Note that the choices of n and k are quite important—they must be fixed and can never change. However, selecting reasonable values is not difficult. For n, select a character set and string length, then set n to be the number of possible unique strings. To get the 57 billion value above, use a string length of 6 and a character set of [0-9a-zA-Z] (62 characters). 57 billion is simply the number of unique, 6 character alphanumeric strings (62^6). If you grow to the point that you are worried about key collisions, switch to using 7 character strings (where n=62^7, appx. 3.5 trillion). Note that conversion from the key number value to string value is simply a conversion from base 10 to base 62 (or whatever # of characters you are using).
For k, we need a value that is coprime with n. To achieve pseudo-randomness, k should also not be too small (the same order as n is a good choice). Note that this “randomness” is quite weak in a mathematical sense, but was sufficient for our purposes. One way to select such a k is to multiply together prime numbers larger than the character set size. For our example, a reasonable choice would be k=67*71*73*79*83*89. If you don’t have your own prime number generator, consult the bear.
To put this algorithm into practice, one needs to ensure that keys are generated serially. We did this by creating a table with a single row with a single column storing the last key value. When we want to generate a key (or block of keys), we start a SERIALIZABLE transaction, read the last key value, generate key(s) per the above algorithm, then write back the last key value we generated and close the transaction.
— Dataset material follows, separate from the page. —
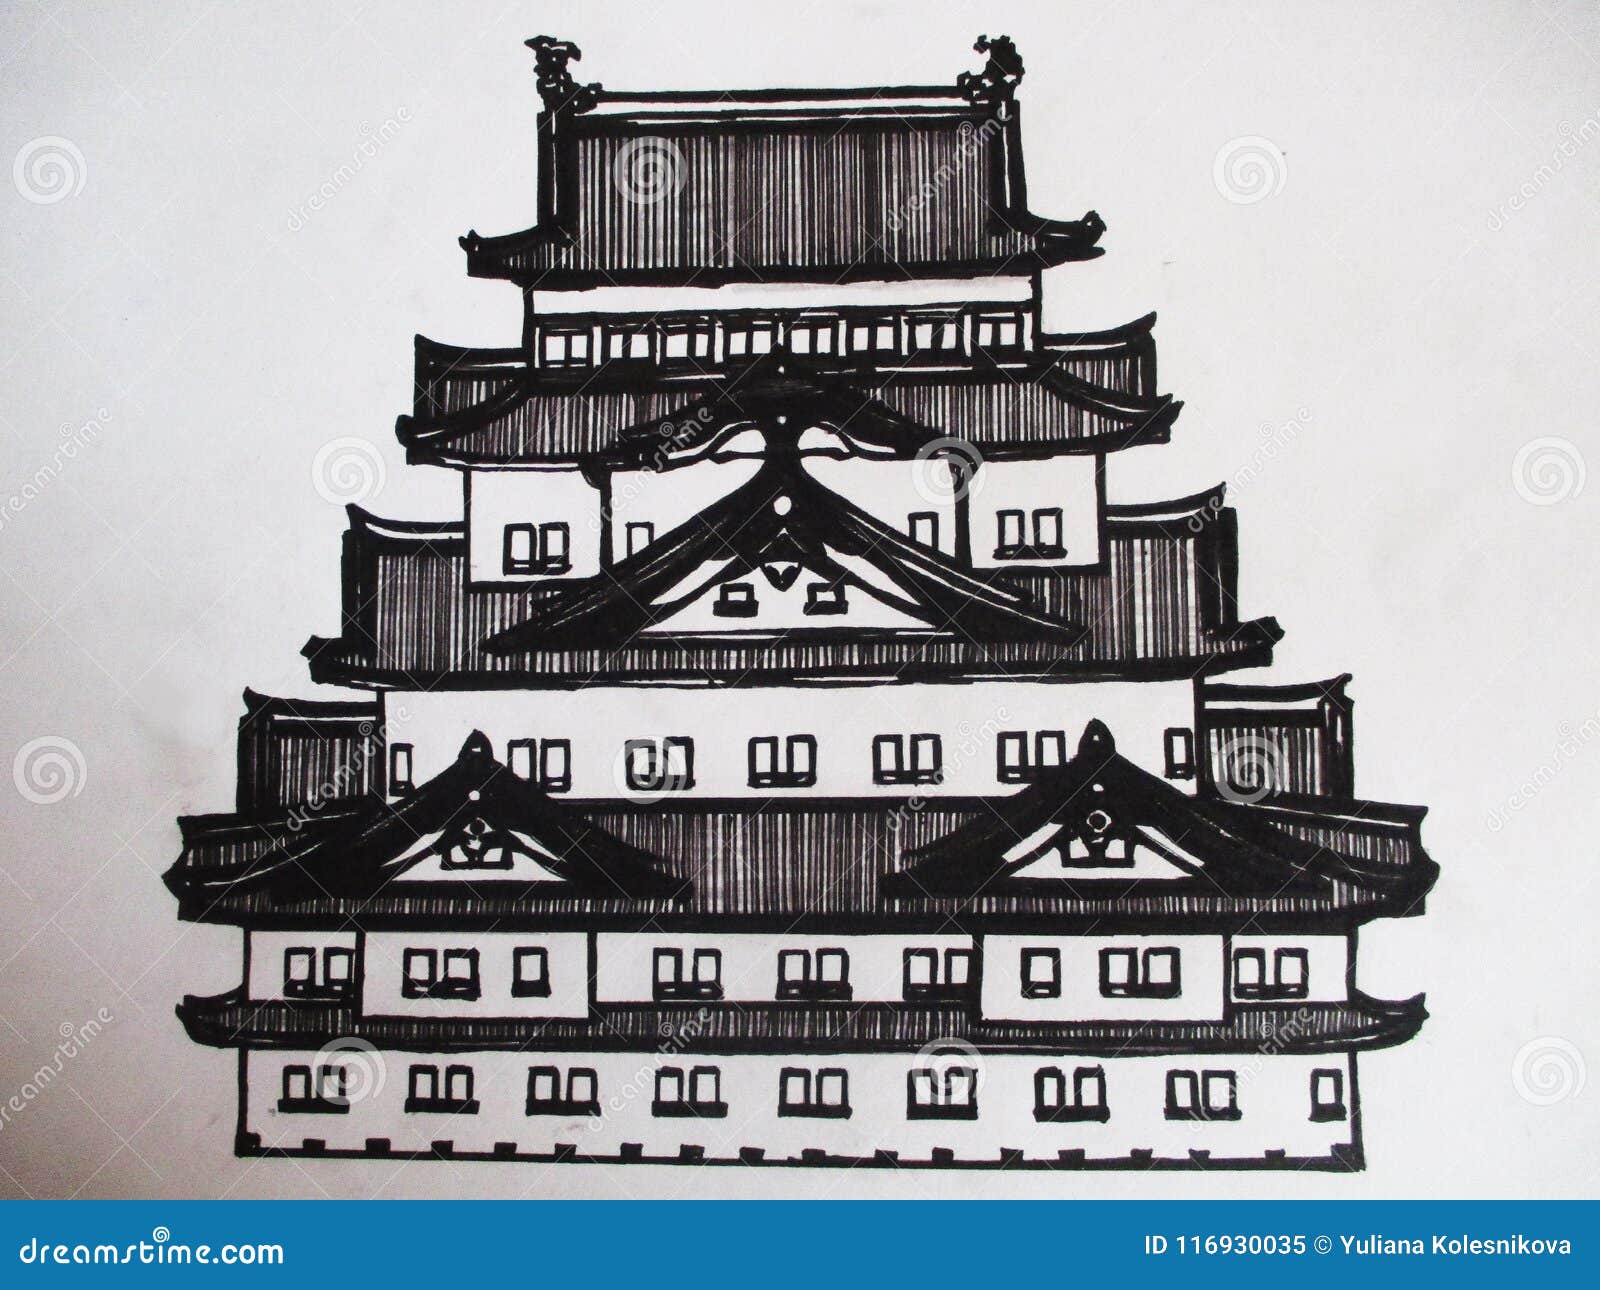 Pixxprint Temple Japonais à lautomne 100x70 sur Toile Format

To minimize contention and since next key computation is much faster than a transaction, we generate keys in blocks and serve them out of memory via a synchronized HashMap. This causes key values to occasionally be permanently lost when a webapp is shut down, but the lossage is too small to be of any real concern.
We’ve been using this system for many months now and have yet to run into any problems. It satisfies all of our current needs and has the advantage that it can easily scale either by using longer character strings or increasing the key generation block size. Furthermore, it seems to be extremely lightweight, exerting minimal pressure on our database. We would love to hear what other solutions for primary key generation are used. How does ours compare?
It seems that the only benefit of this method over auto incrementing (i.e. k == 1) is pseudo-random keys, and I’m not really seeing what is so good about pseudo-random keys. Am I missing something?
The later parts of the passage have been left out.